● WHAT IS NEEDED
Go through the listing below and retype exactly the lines starting at the one with "害セマフォ水銀のDUNHILL 香水 エディション" and ending at the one with "Escursione Appiett u", skipping pictures.

*** DATA FOR ANALYSIS ***

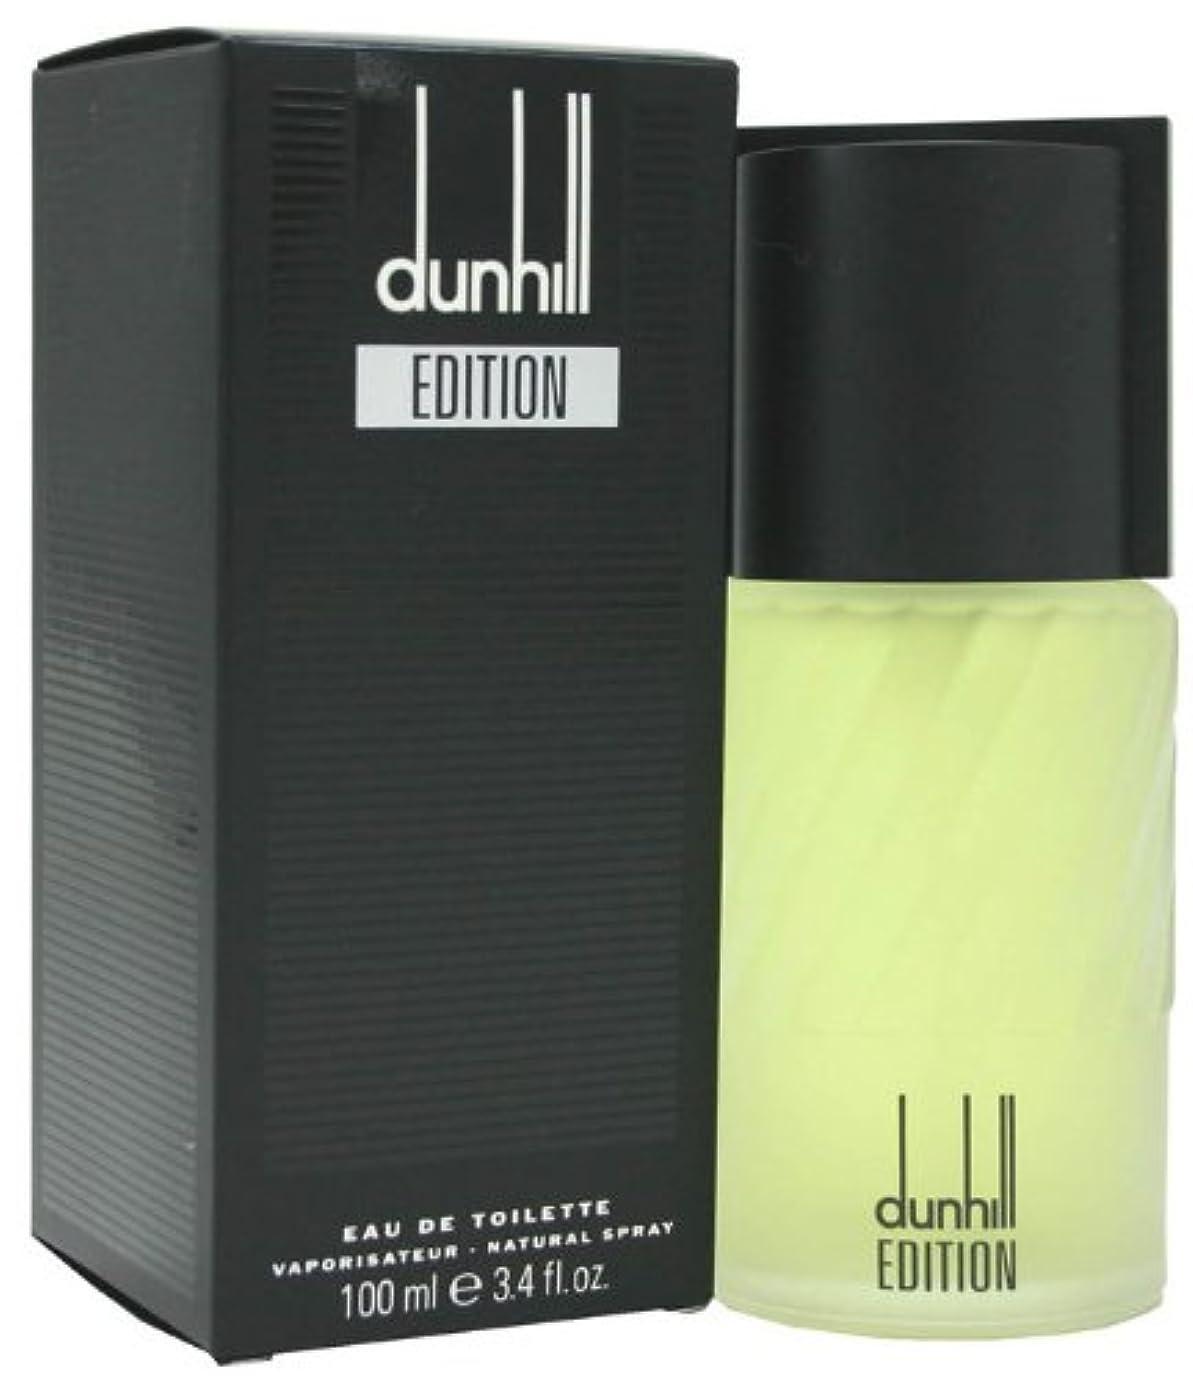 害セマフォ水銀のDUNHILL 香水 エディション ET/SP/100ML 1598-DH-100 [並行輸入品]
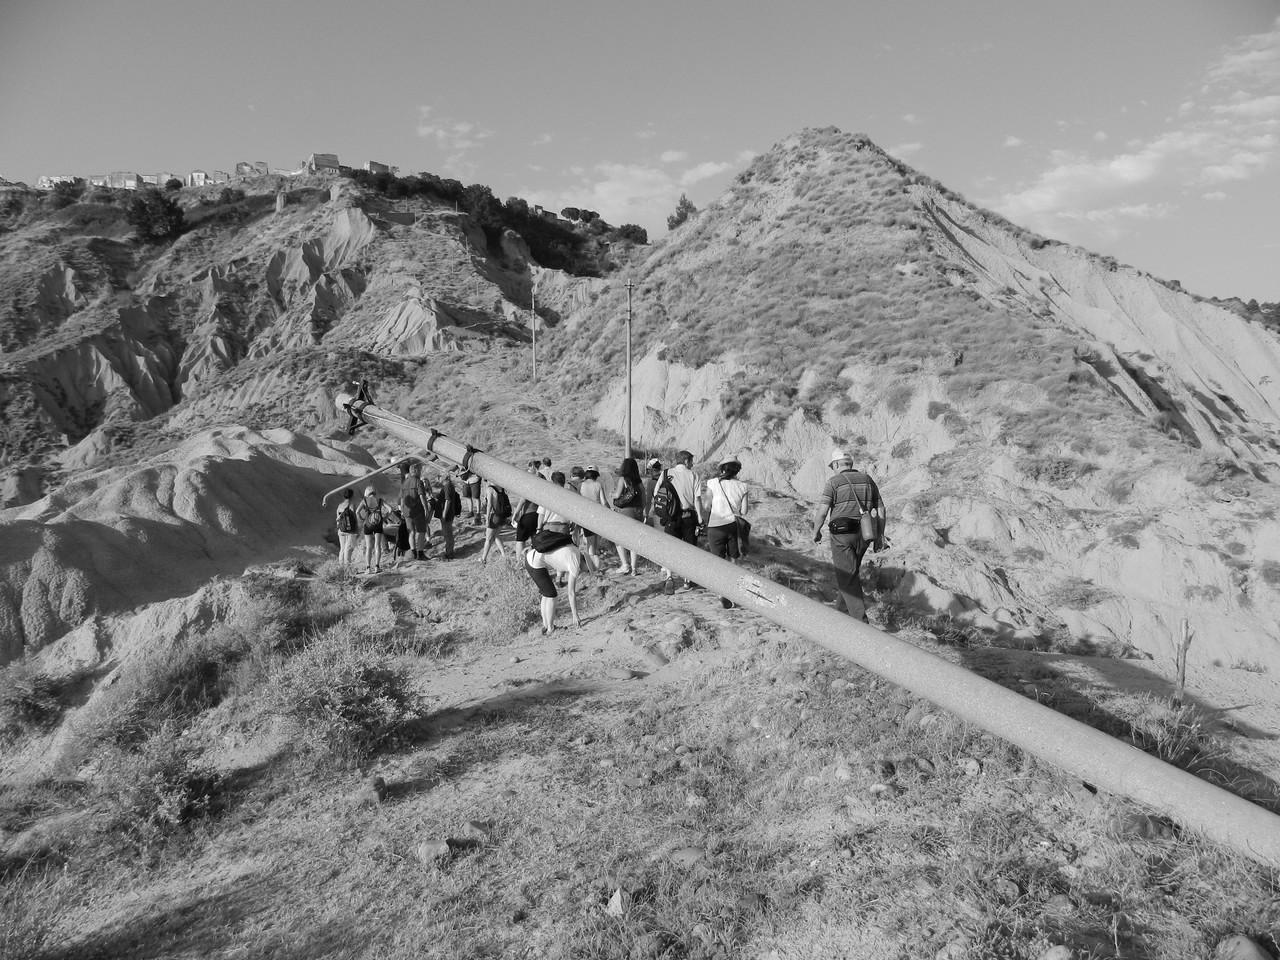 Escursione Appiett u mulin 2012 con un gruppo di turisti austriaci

*** End of DATA FOR ANALYSIS ***
*** DATA FOR ANALYSIS ***

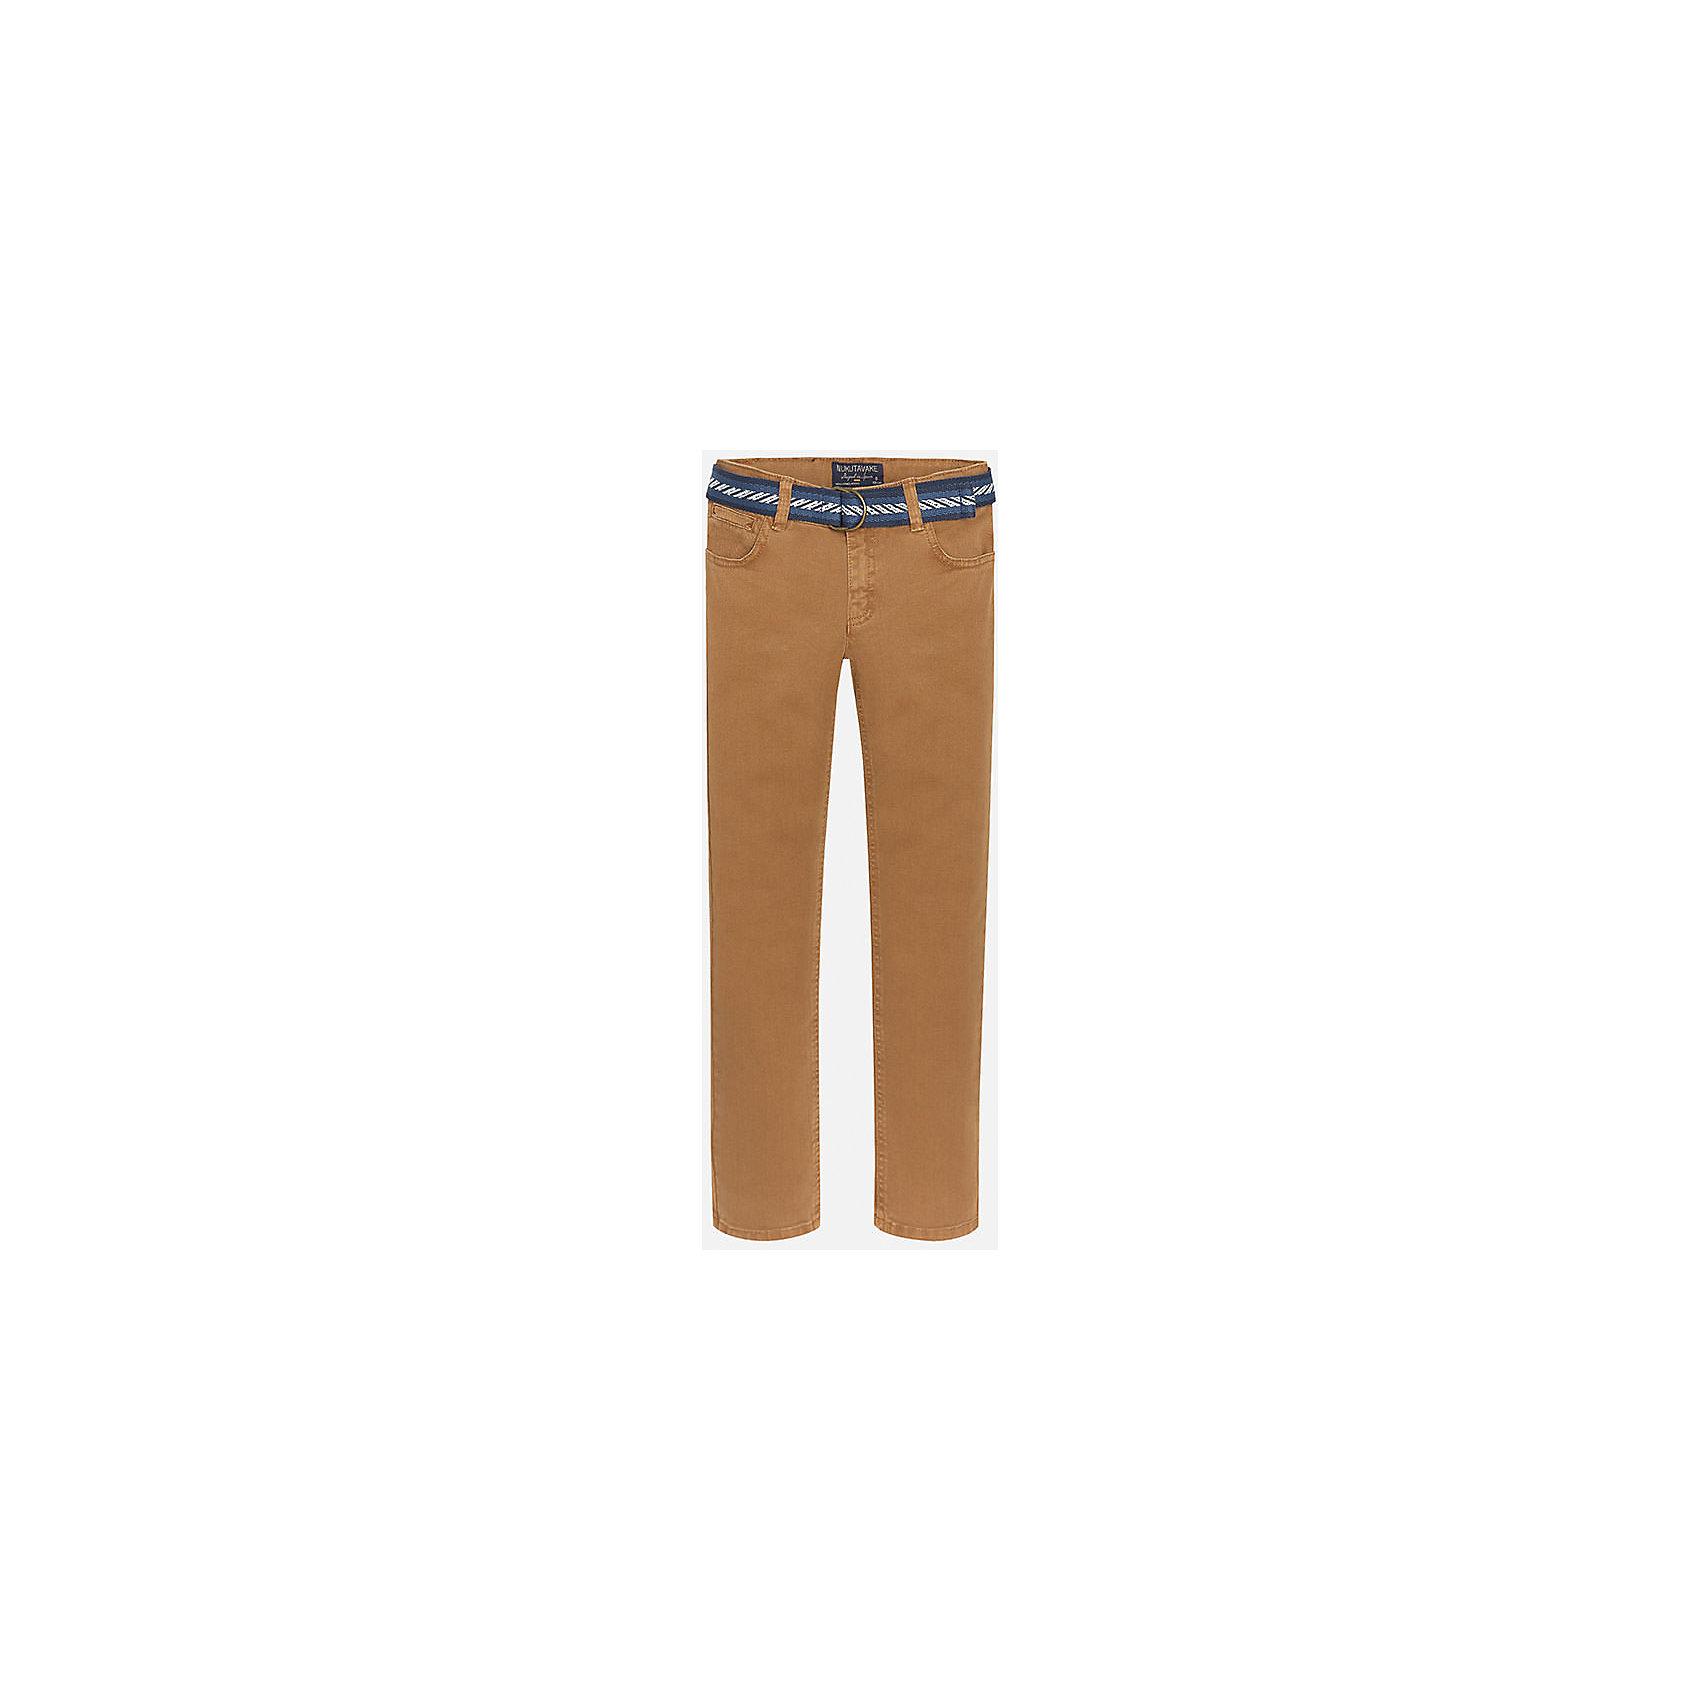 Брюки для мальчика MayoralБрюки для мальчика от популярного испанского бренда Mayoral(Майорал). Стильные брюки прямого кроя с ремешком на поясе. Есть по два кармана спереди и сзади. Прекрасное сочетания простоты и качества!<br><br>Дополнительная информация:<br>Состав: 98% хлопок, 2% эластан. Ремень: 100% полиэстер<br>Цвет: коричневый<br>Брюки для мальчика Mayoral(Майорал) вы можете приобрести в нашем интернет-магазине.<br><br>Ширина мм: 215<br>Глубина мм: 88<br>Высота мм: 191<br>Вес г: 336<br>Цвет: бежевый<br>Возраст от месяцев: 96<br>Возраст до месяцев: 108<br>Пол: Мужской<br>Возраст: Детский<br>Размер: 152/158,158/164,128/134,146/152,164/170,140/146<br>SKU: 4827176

*** End of DATA FOR ANALYSIS ***

● RESULT
 害セマフォ水銀のDUNHILL 香水 エディション ET/SP/100ML 1598-DH-100 [並行輸入品]
 Escursione Appiett u mulin 2012 con un gruppo di turisti austriaci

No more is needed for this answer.